Pursue Your Passion, Work Hard and Soar

by Savoy Staff

Sean Cohan, Chief Growth Officer and President of the International Business, Nielsen

For Sean Cohan, staying true to his values while leaning into discomfort has been a common theme throughout his decades-long career as a global leader in the corporate media world.

Sean is the Chief Growth Officer and President of the International Business at Nielsen, the global leader in audience measurement. He leads a team of more than 4,000 people worldwide while overseeing Nielsen’s strategy, partnerships, corporate development and global growth businesses.

A media and content junkie since childhood, Sean instinctively knew he would one day work in the media industry. Though the path wasn’t without challenges, there are core values and lessons he attributes to his success: develop a passion, work hard and find mentors with the same values and mindset.

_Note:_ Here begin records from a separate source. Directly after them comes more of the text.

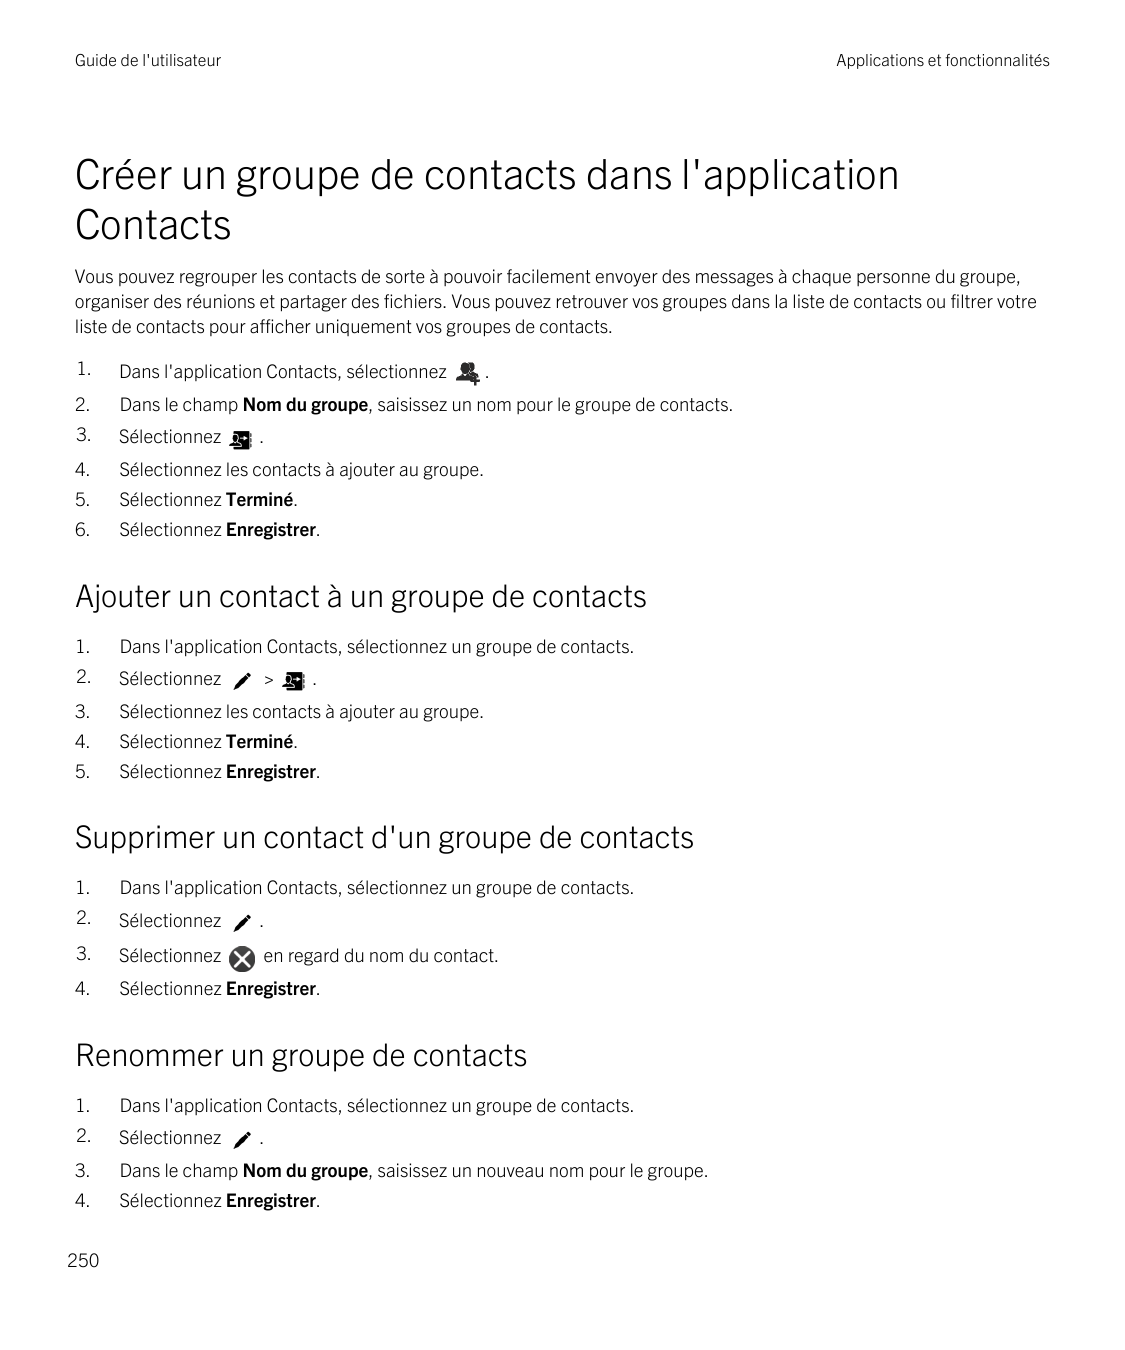 Guide de l'utilisateurApplications et fonctionnalitésCréer un groupe de contacts dans l'applicationContactsVous pouvez regrouper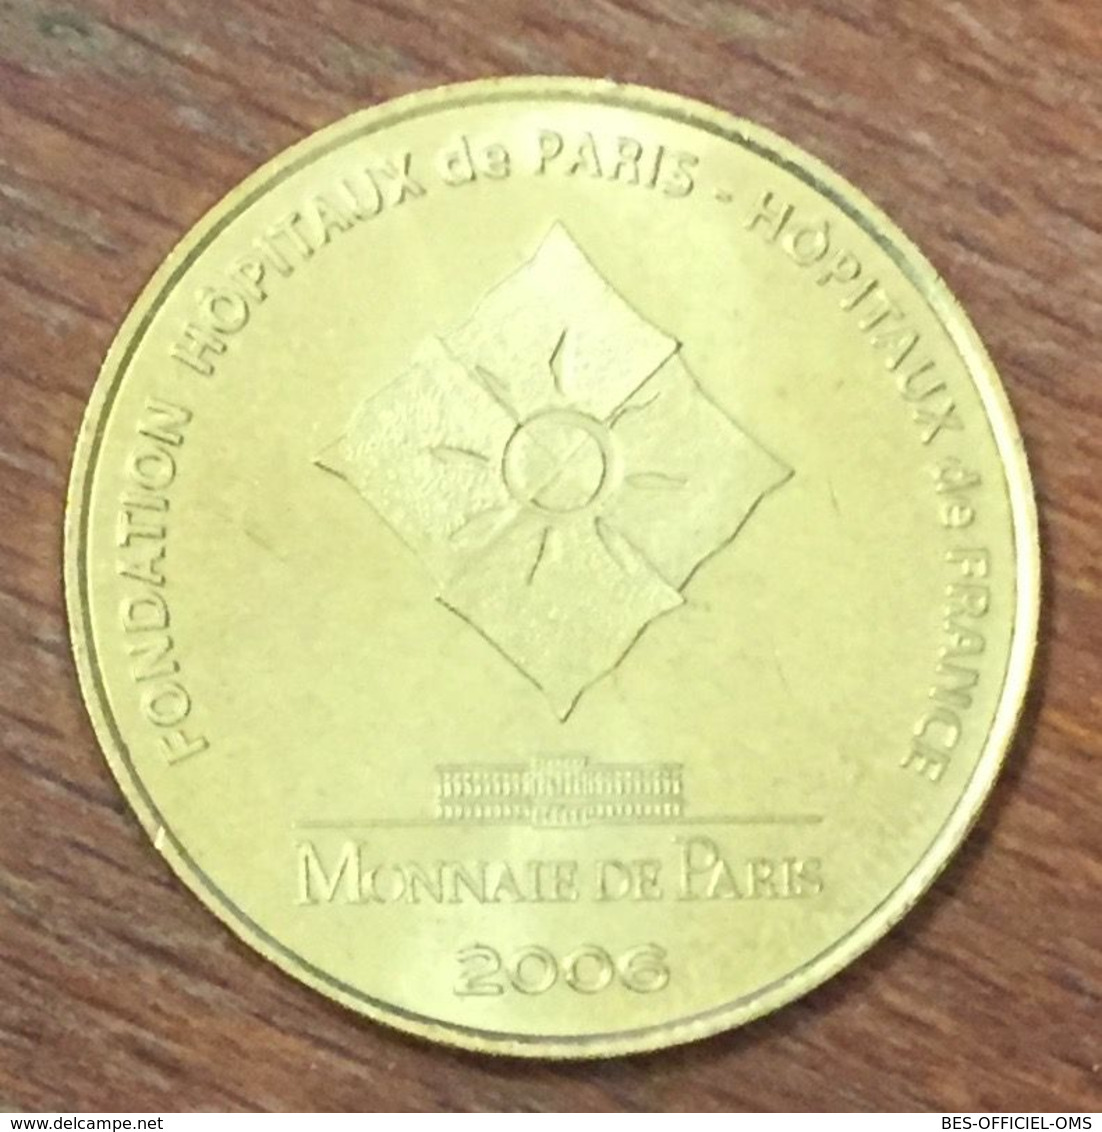 75005 PARIS FONDATION HÔPITAUX PIÈCES JAUNES MDP 2006 MINI MÉDAILLE SOUVENIR MONNAIE DE PARIS JETON MEDALS TOKENS COINS - 2006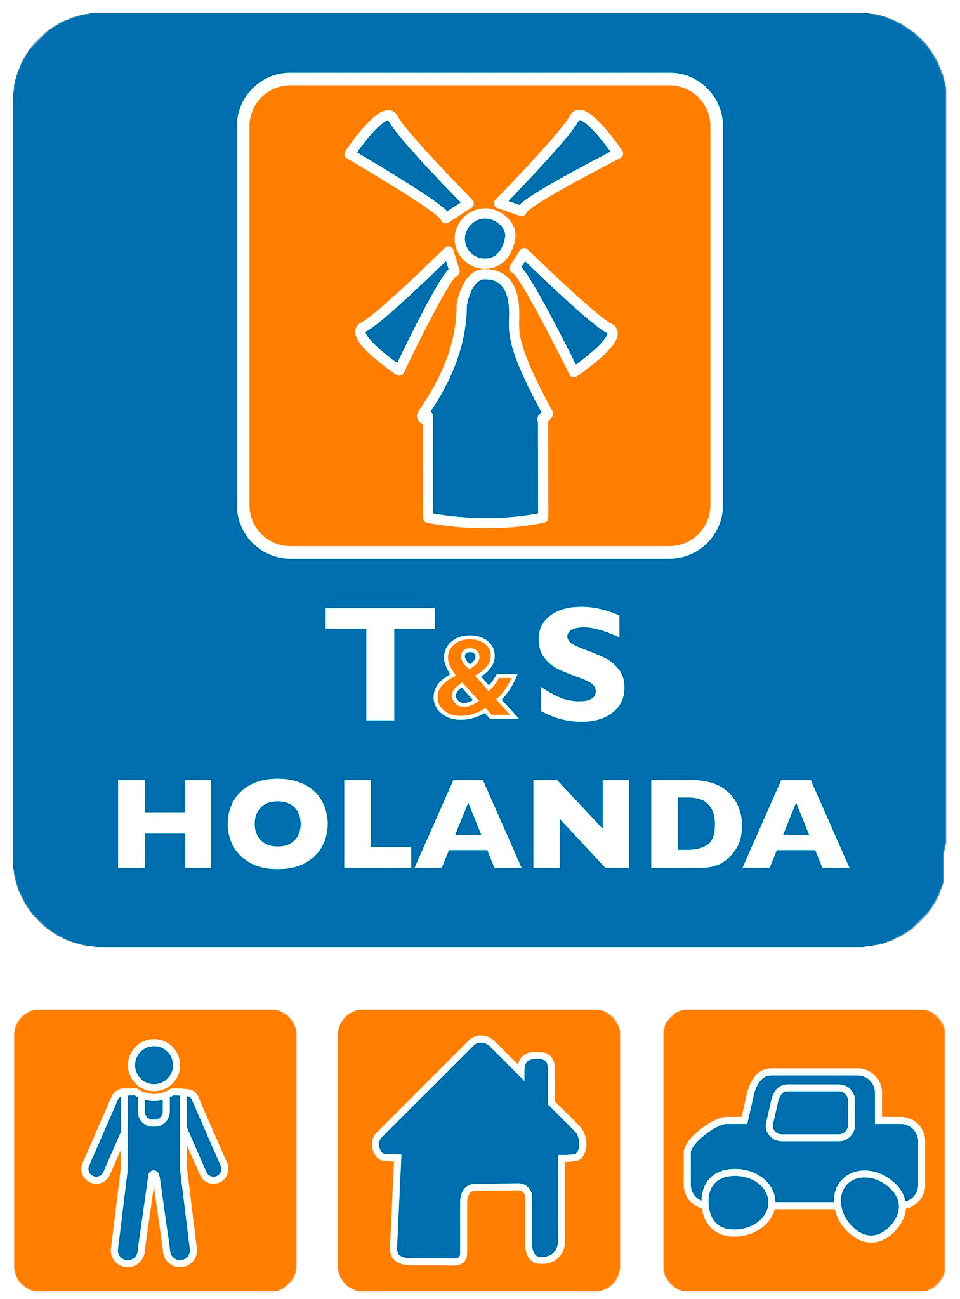 TenS Holanda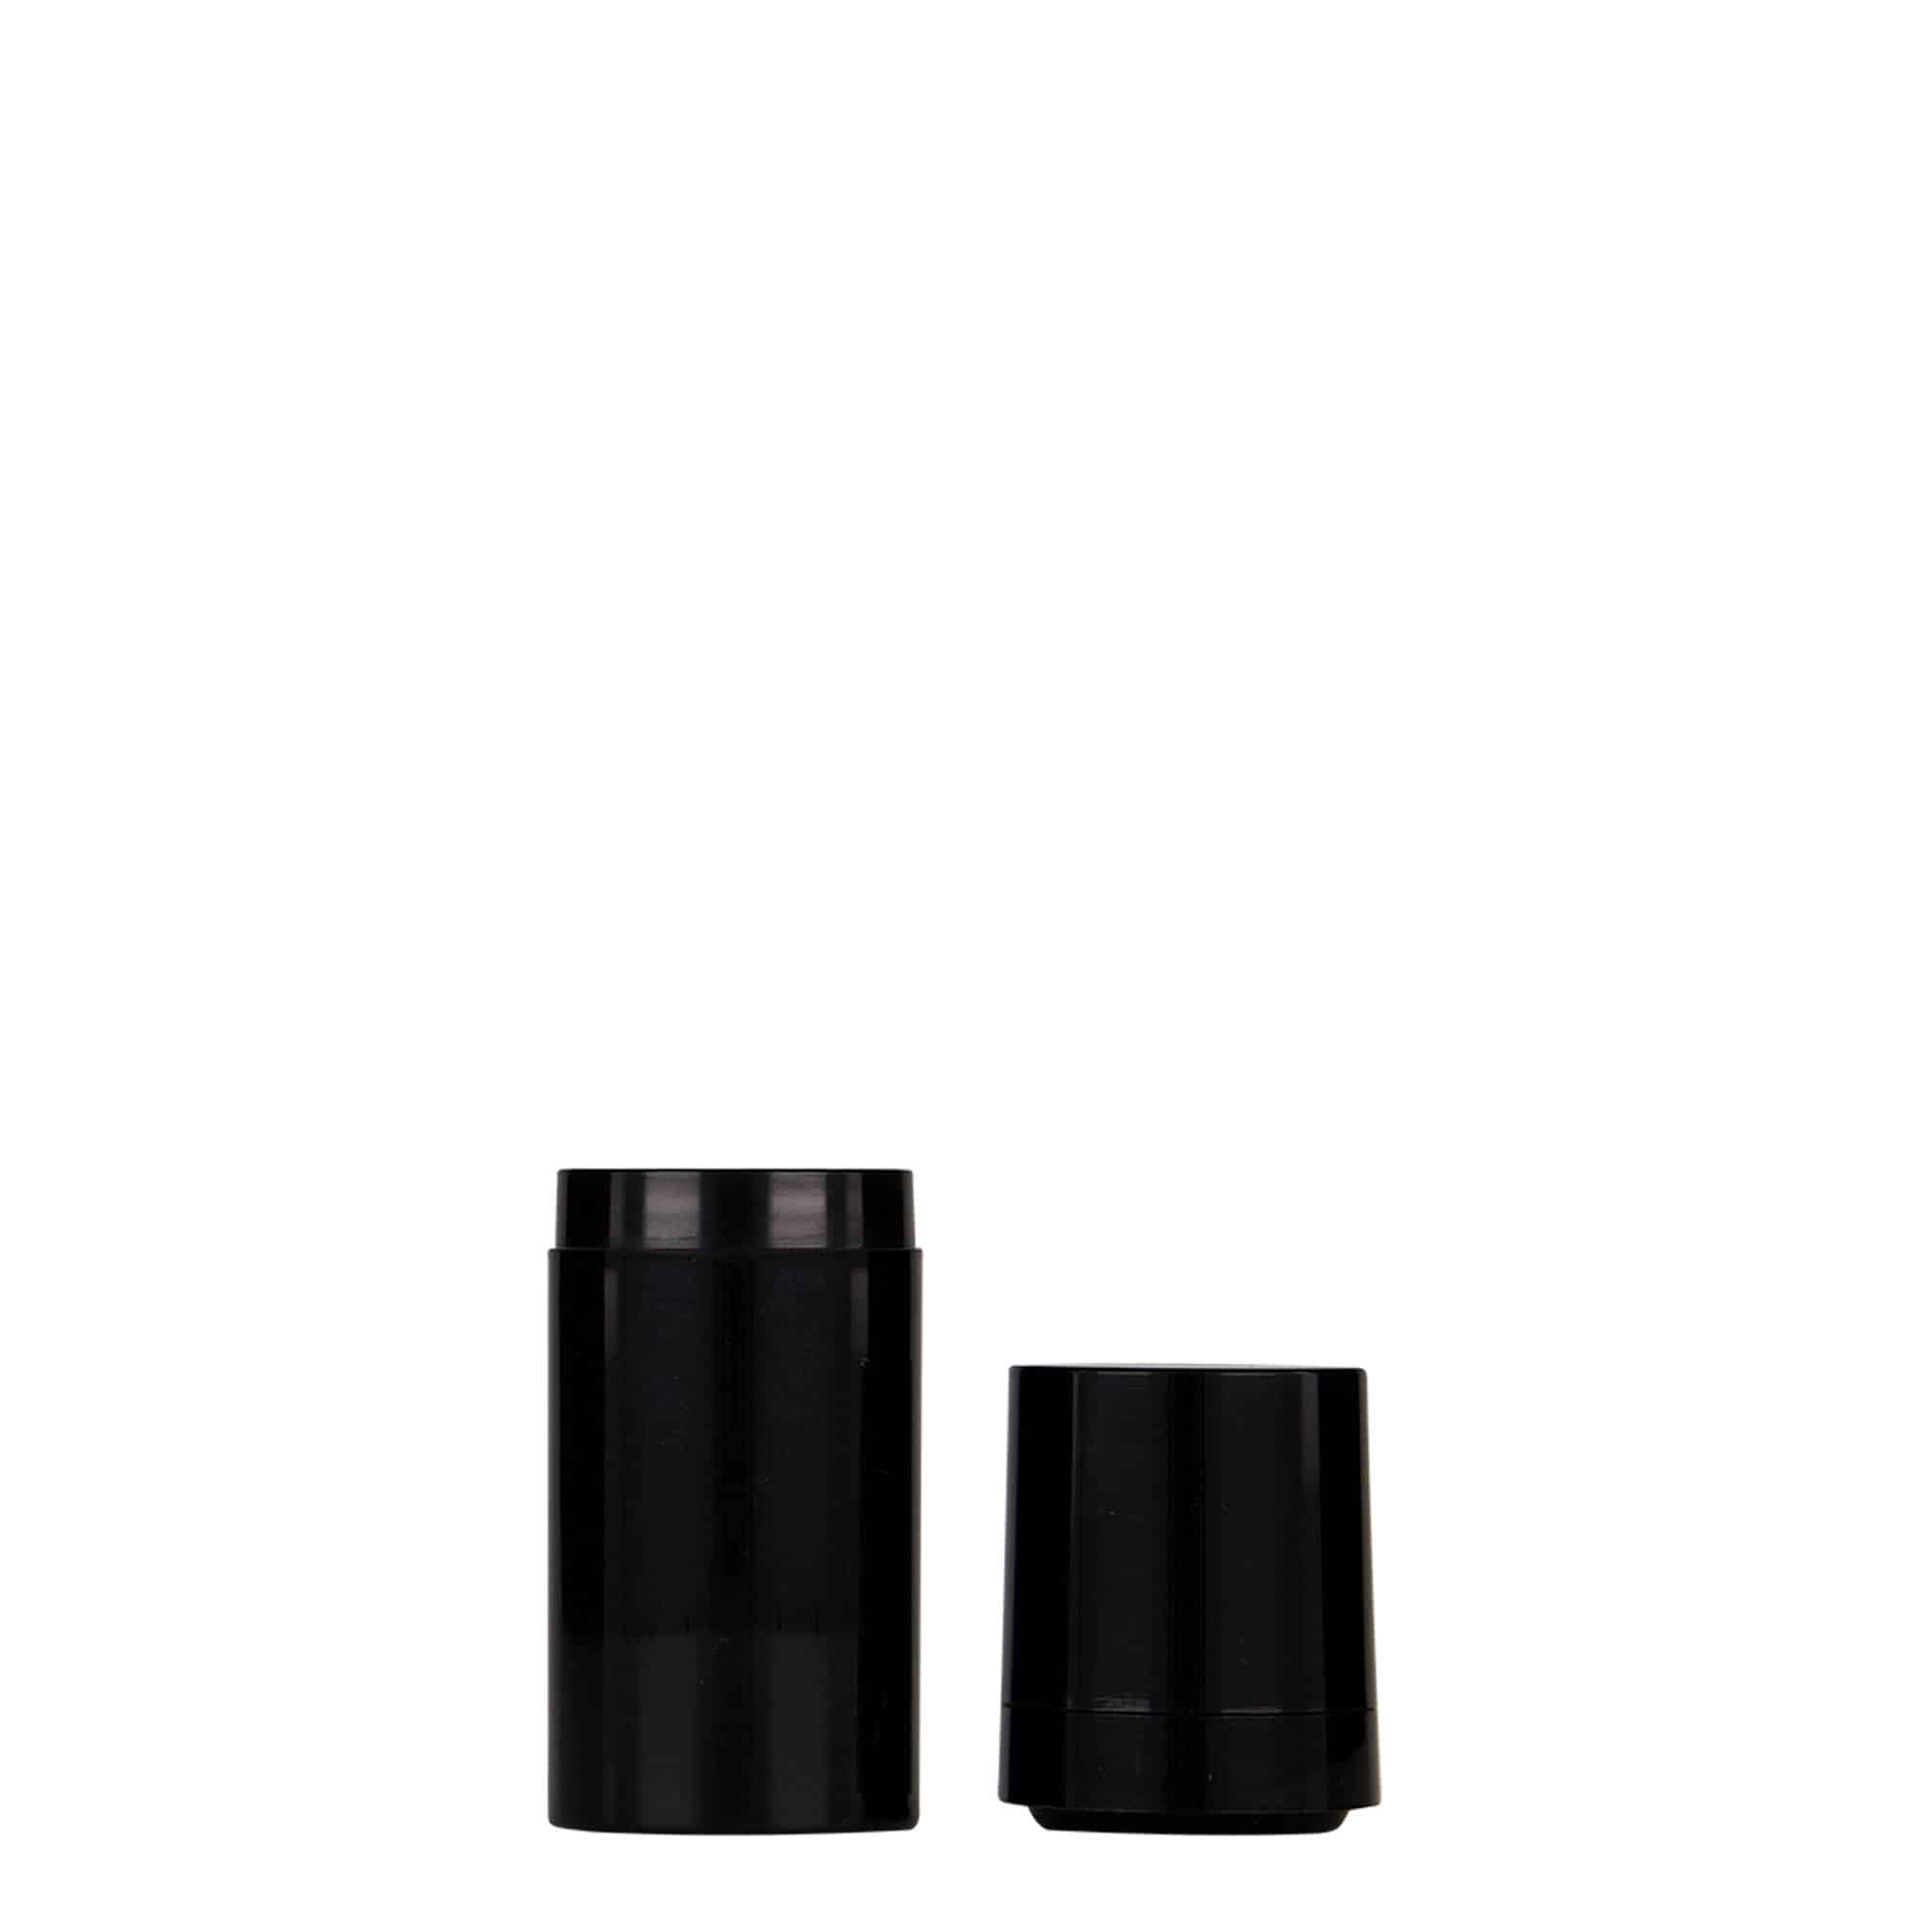 15 ml dozownik airless 'Micro', tworzywo sztuczne PP, kolor czarny

“Throughout my journey, I always had a strong sense of what makes me tick: global flavor, complex creative problems, learning from people and transformation,” says Sean. “What brought me to Nielsen was the opportunity to engage in all of those things.”

Lean into what you love

Born to a Black mother and a Jewish father in a predominantly white, middle class area of Long Island, Sean was heavily influenced by his mother, a music teacher and his father, an English teacher.
Music, film and television were integral parts of his upbringing and set the stage for his career.

In a nod to his parent’s profession, having a ‘lesson plan’ and trying to be the most prepared person in the room has been a constant since his undergraduate years at Harvard University and then Stanford University Graduate School of Business. Today, Sean prioritizes preparing thoughtful, strategic guidance for his team across the world. “As leaders, we have to think ahead and provide the key takeaways so they can drive the best results.”

Sean adds that for people of color there historically has been an expectation of doing your job not only well, but near-perfectly. “It’s not just working to excel at the job, get results and align with colleagues, but also networking and personal brand management, “he says. “Perfection is, of course, a delusion. But there is, without a doubt, pressure at times to clear a sky-high bar.”

Find mentors and colleagues with similar values

On any given day, no matter what country you find Sean working in, a common denominator is people, and he says to succeed, it’s imperative that you align with those who have the same values, awareness, warmth and commitment.

Sean cites Nielsen CEO David Kenny’s commitment to diversity, equity and inclusion and early interactions with executives such as Chief Operating Officer Karthik Rao and Chief Diversity Officer Sandra Sims-Williams as key reasons for joining the company. “As much as what you’re doing is important, who you’re doing it with is critical, both in capability and the prioritization of what’s right, he says.”

Sean has long been involved in DE&I causes, and while there’s been progress, there’s more work to be done to achieve true representation in the workforce. Thinking back to his upbringing where he was often the outsider, Sean reflects on turning that challenge into a strength. “My comfort with being different has helped in a myriad of situations, whether negotiating a difficult deal over tea in India or discussing business in a boardroom in Tokyo. It’s about learning, listening and respecting differences, and also finding points of connection with people regardless of their backgrounds.”

Finding your niche and support through allyship, mentorship and championship cannot be overstated as part of any rise in Corporate America. Sean credits part of his own success to having mentors who invested in him. He says, “I’ve been fortunate to have folks who believed in me, which instilled faith in myself and put me in the best position to succeed.”